- Exercise -
Find the line containing "Unicornio y girasoles" in the entries below. Restate it and each line after it, word for word, up to and including the line containing "Un coloreado que".

- Data in this exercise -

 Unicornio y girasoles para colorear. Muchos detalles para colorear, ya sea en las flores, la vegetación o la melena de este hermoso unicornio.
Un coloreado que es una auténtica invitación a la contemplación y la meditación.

...

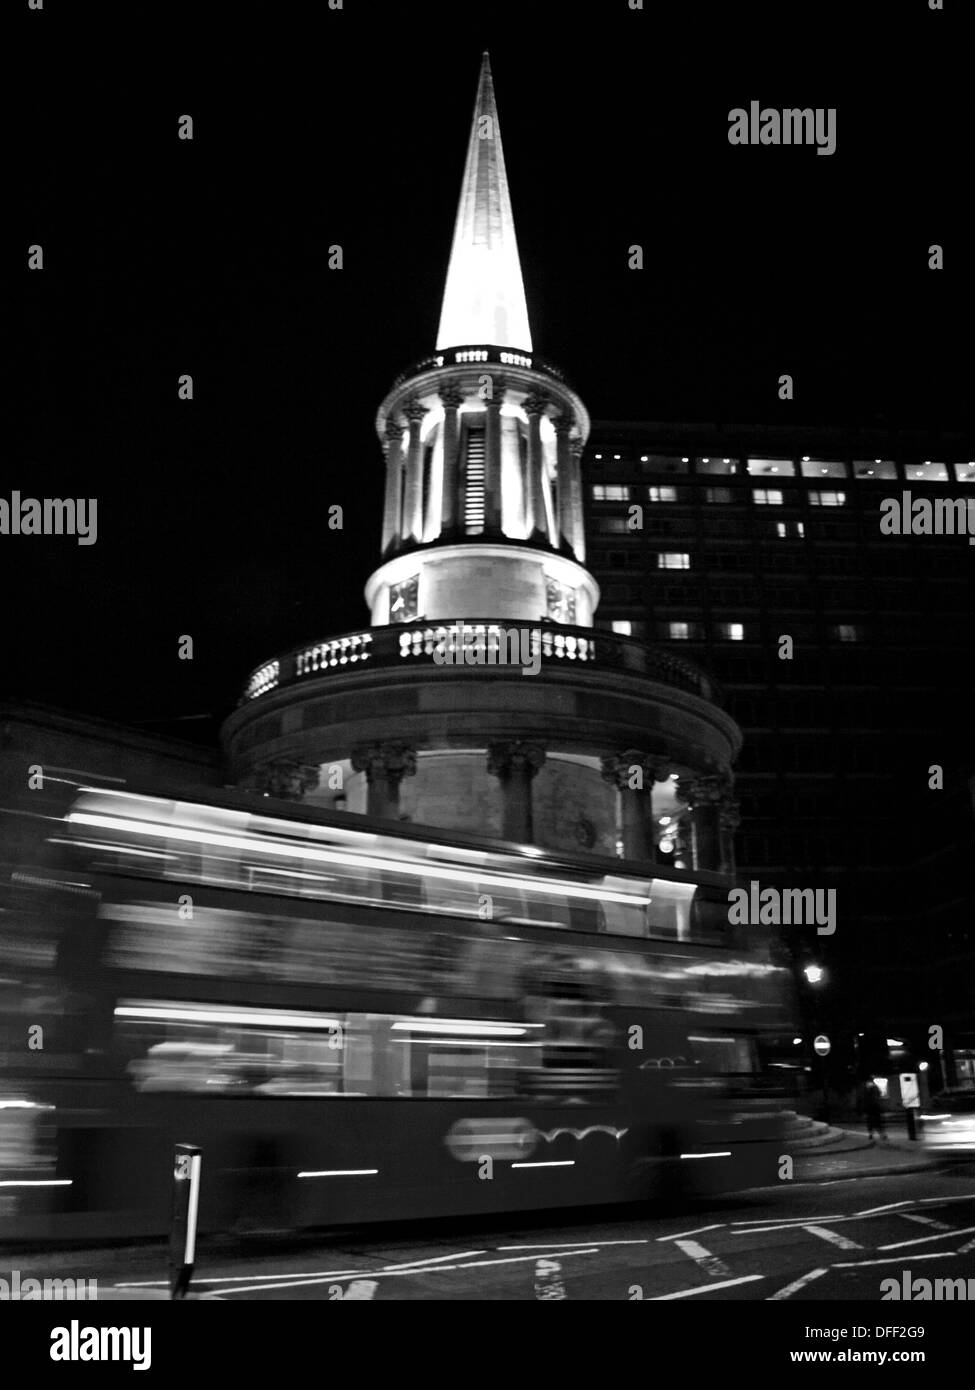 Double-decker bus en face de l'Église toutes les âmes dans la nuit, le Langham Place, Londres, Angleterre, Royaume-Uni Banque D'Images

--

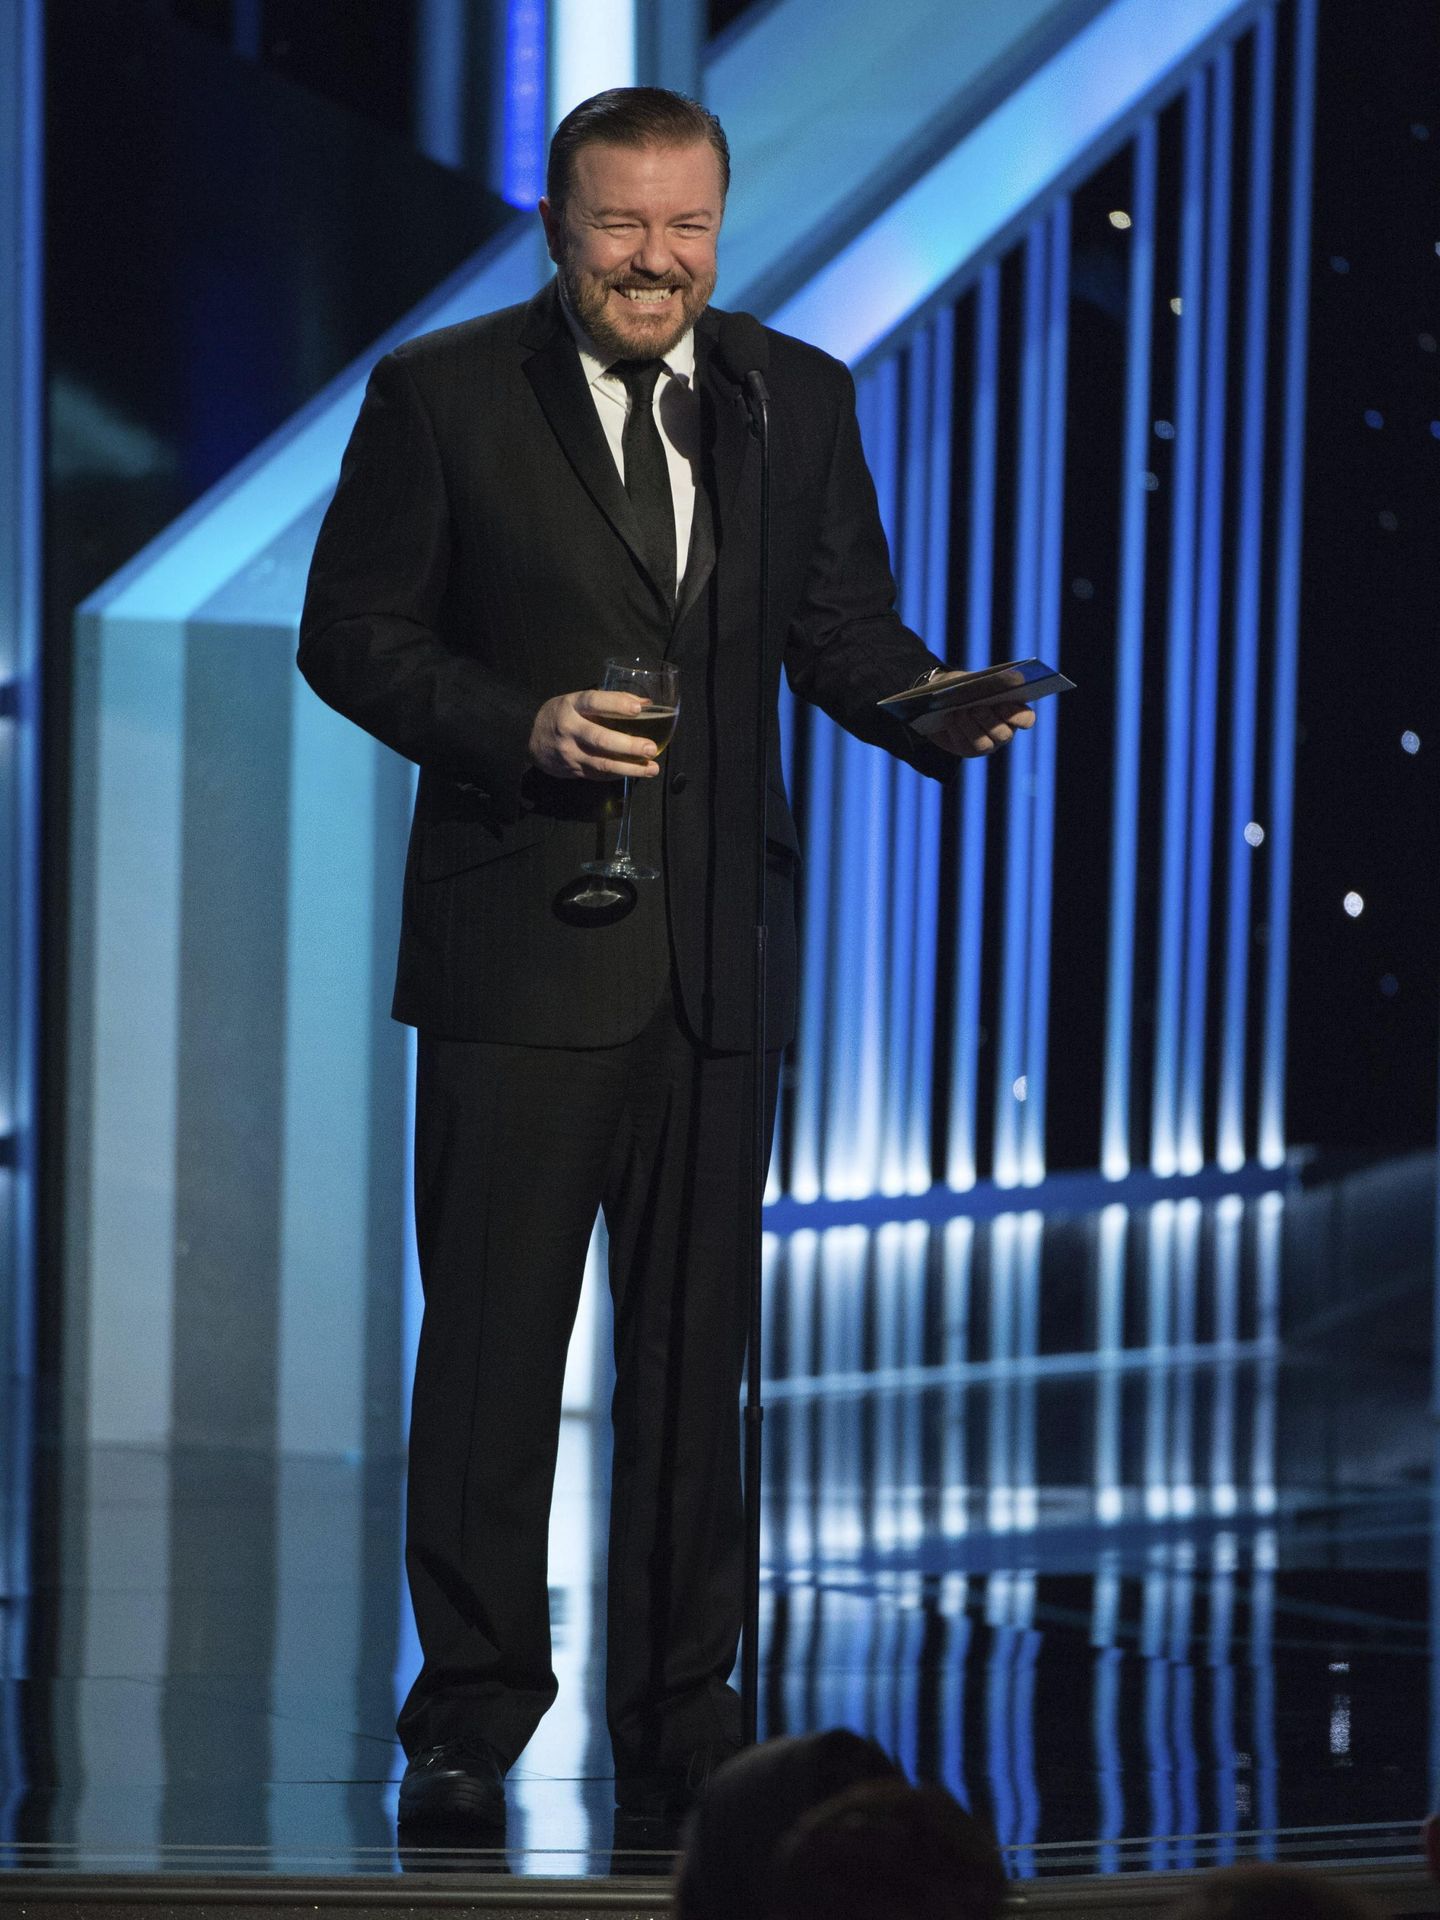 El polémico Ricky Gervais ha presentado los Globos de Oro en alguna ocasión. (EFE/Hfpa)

- Reply -
 Unicornio y girasoles para colorear. Muchos detalles para colorear, ya sea en las flores, la vegetación o la melena de este hermoso unicornio.
Un coloreado que es una auténtica invitación a la contemplación y la meditación.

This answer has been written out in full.